==== DATA FOR REVIEW ====

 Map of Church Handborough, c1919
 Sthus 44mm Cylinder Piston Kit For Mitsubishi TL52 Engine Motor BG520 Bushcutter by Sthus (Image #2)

====
==== DATA FOR REVIEW ====

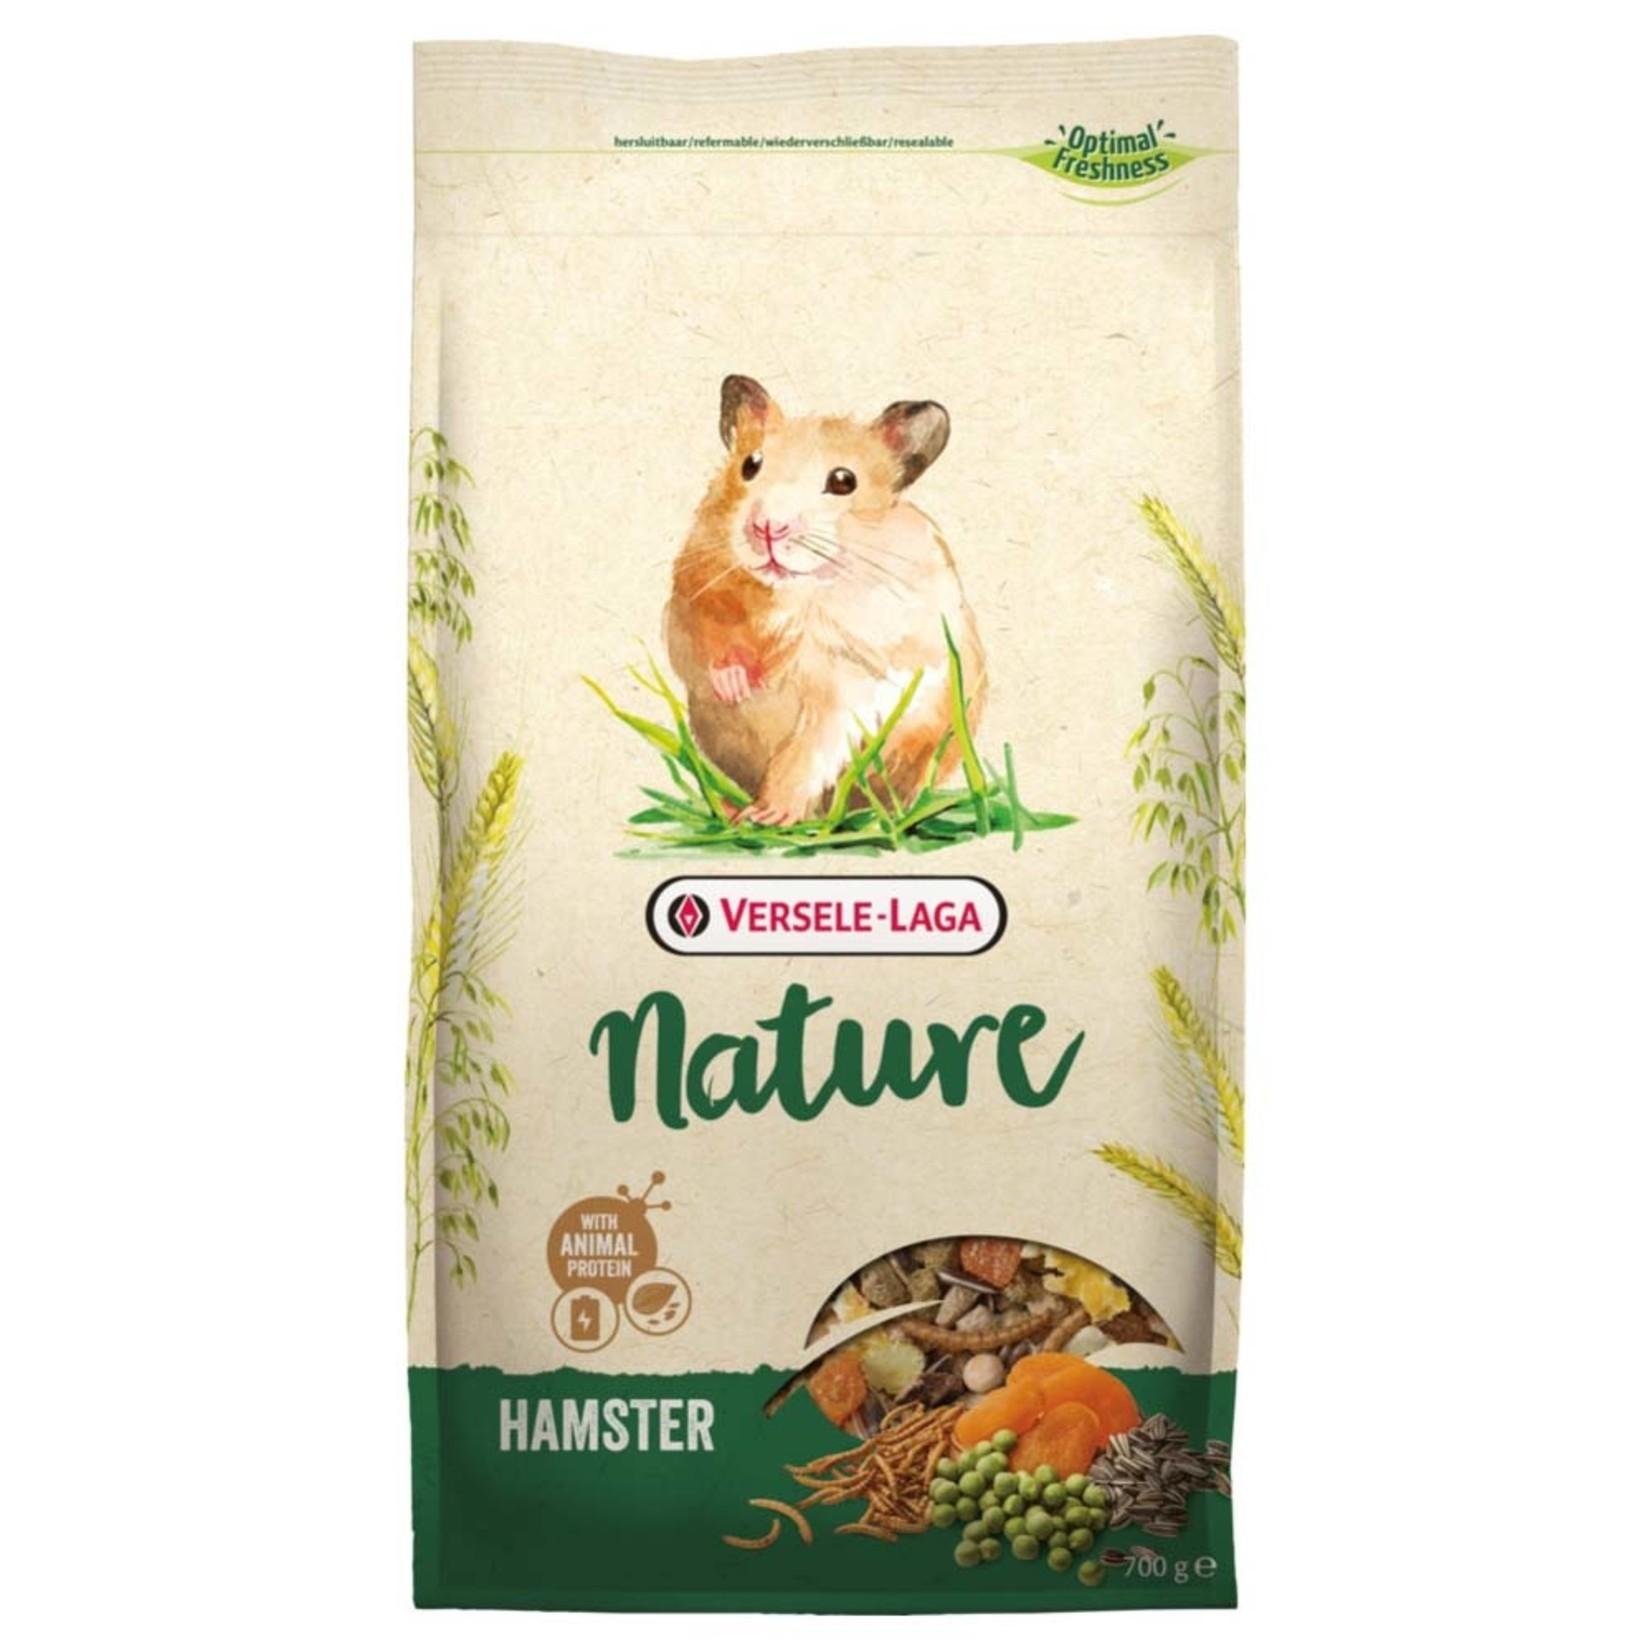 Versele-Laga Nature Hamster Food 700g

====

EXERCISE PROMPT — Taking the entries above, write out exactly the lines starting with the line containing "Map of Church Handborough, c1919" and going on through the line containing "Sthus 44mm Cylinder", both included, and nothing else.

REPLY —
 Map of Church Handborough, c1919
 Sthus 44mm Cylinder Piston Kit For Mitsubishi TL52 Engine Motor BG520 Bushcutter by Sthus (Image #2)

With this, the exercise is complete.